* _Recorded data_:
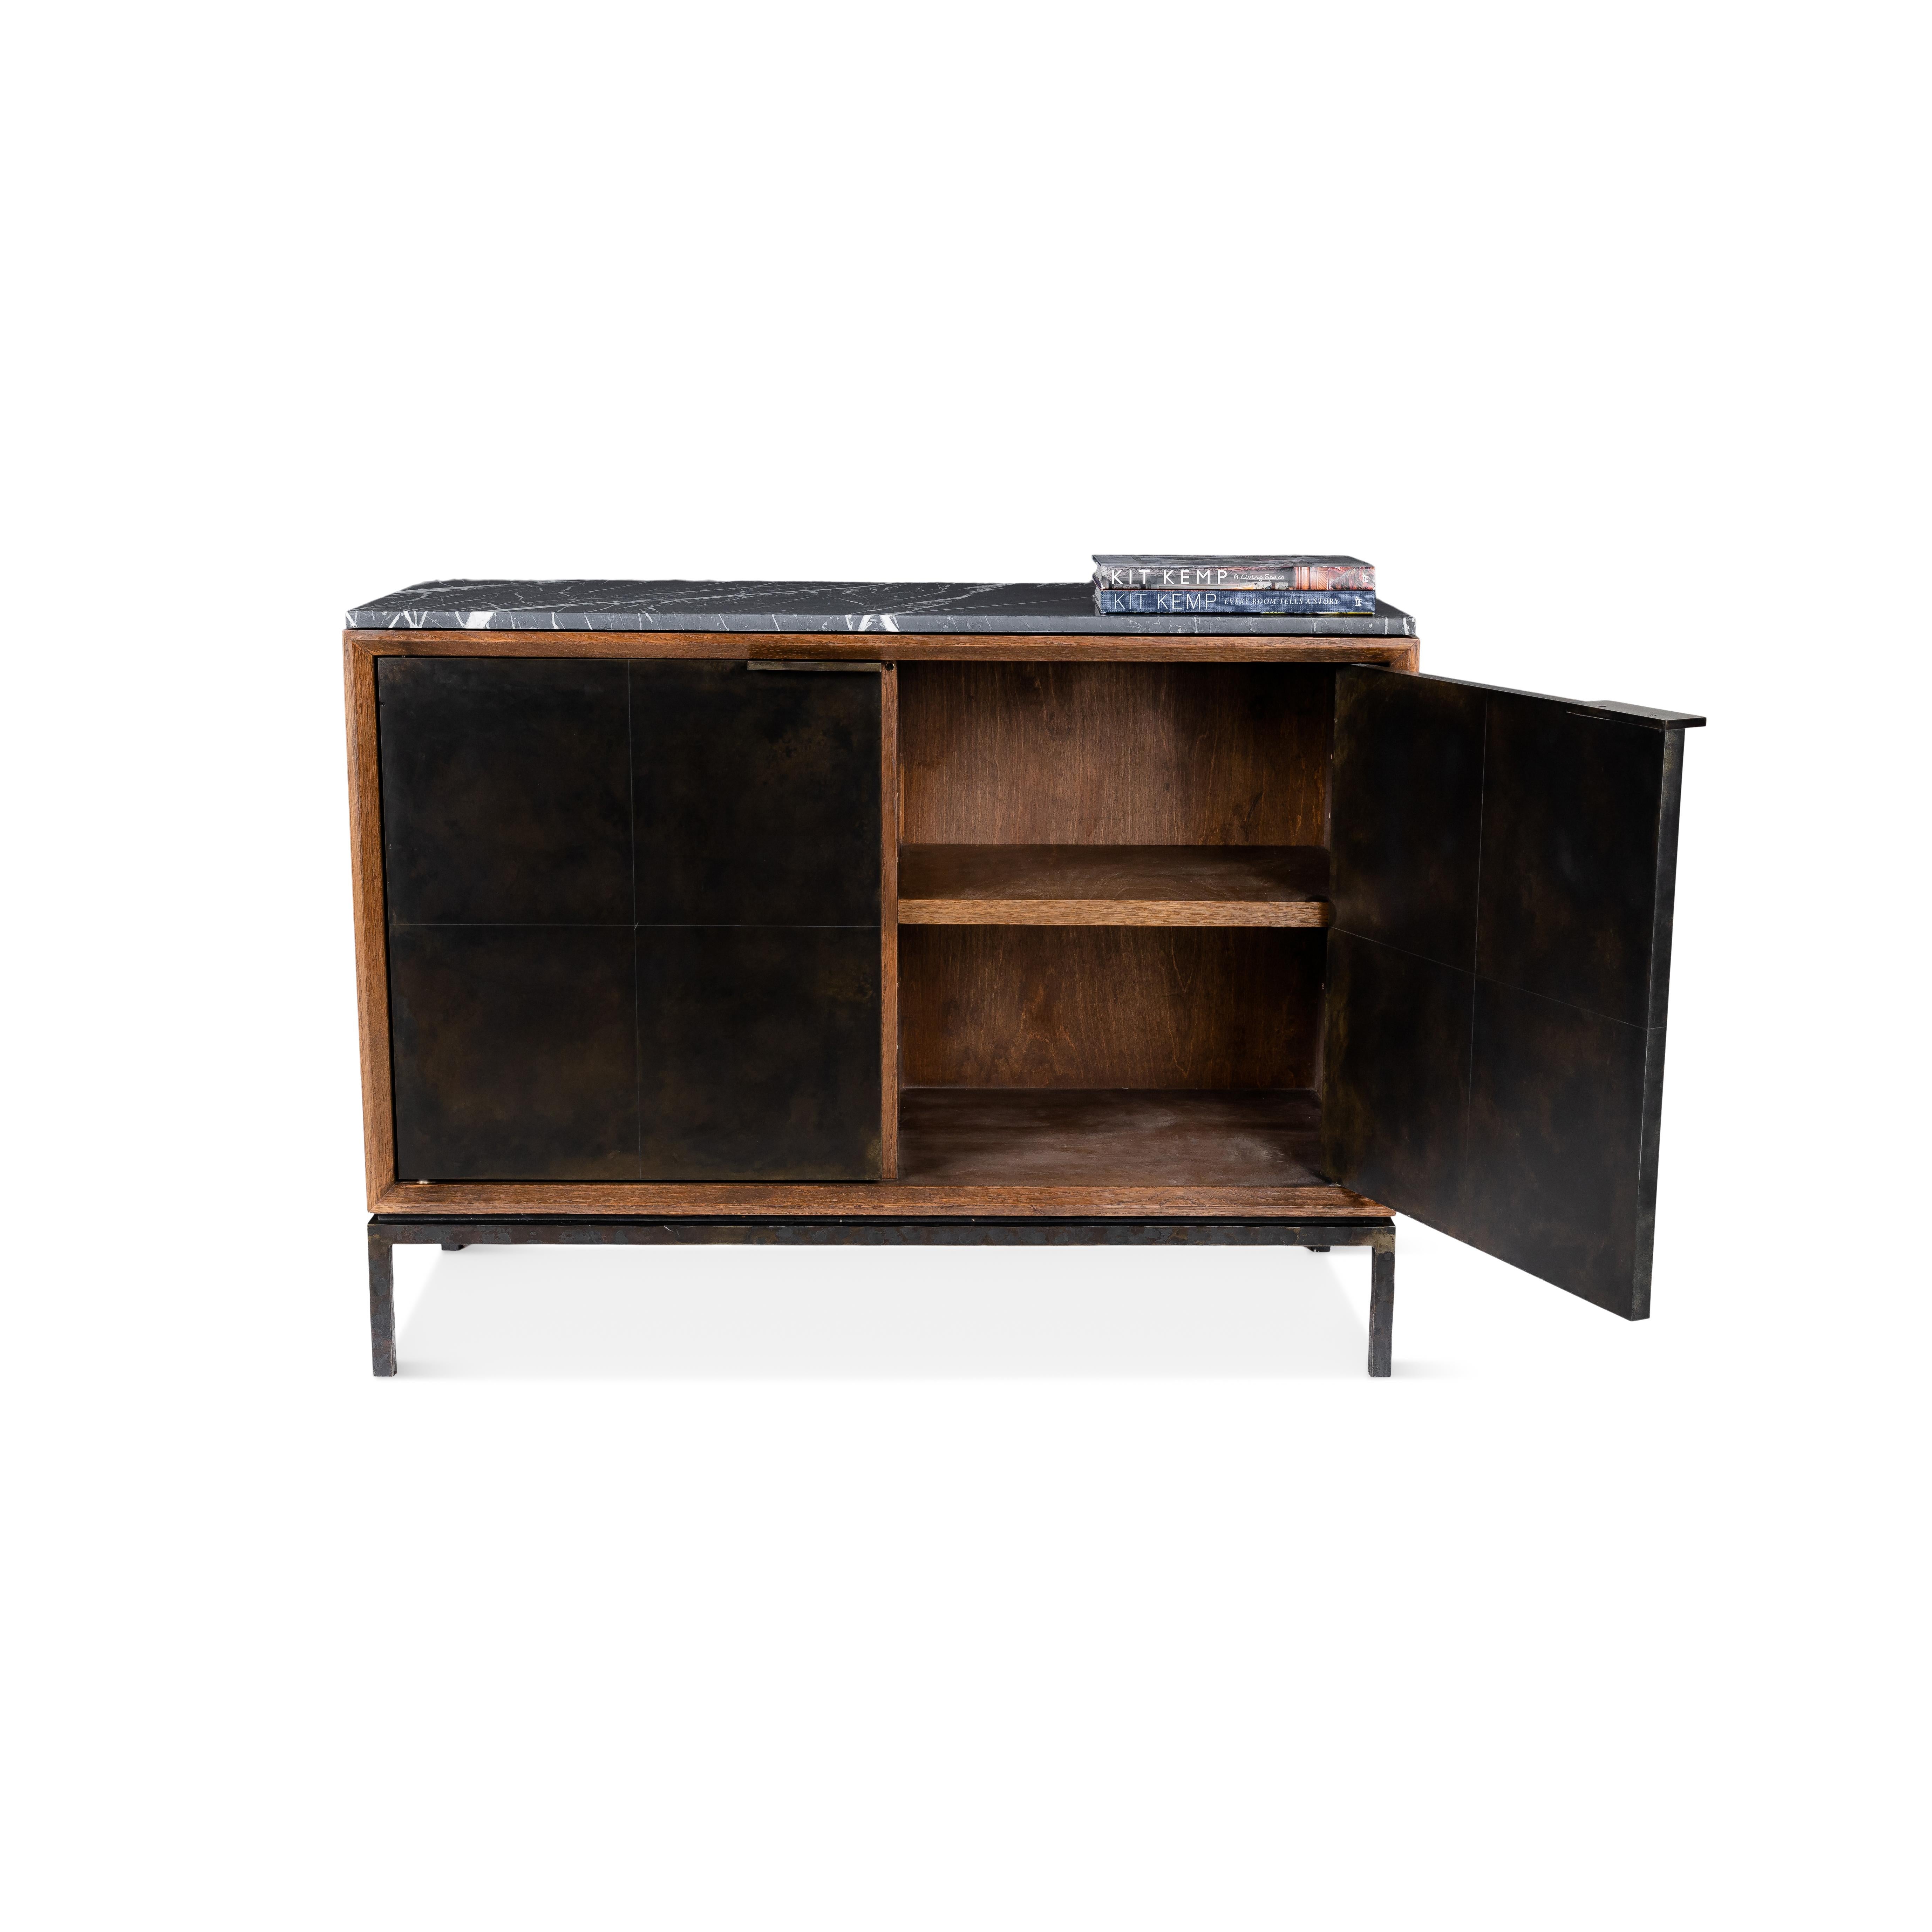 Server with two aged bronze zinc doors, wood body, and honed nero marquino top.

This item is crafted from natural materials. Coloring and detailing may vary, adding to its uniqueness.

Dimensions, stone type and metal finish can be

* _Aim of the task_:
When you copy the data above, reproduce each line exactly and skip every image.

* _Answer to the problem_:
 Server with two aged bronze zinc doors, wood body, and honed nero marquino top.

This item is crafted from natural materials. Coloring and detailing may vary, adding to its uniqueness.

Dimensions, stone type and metal finish can be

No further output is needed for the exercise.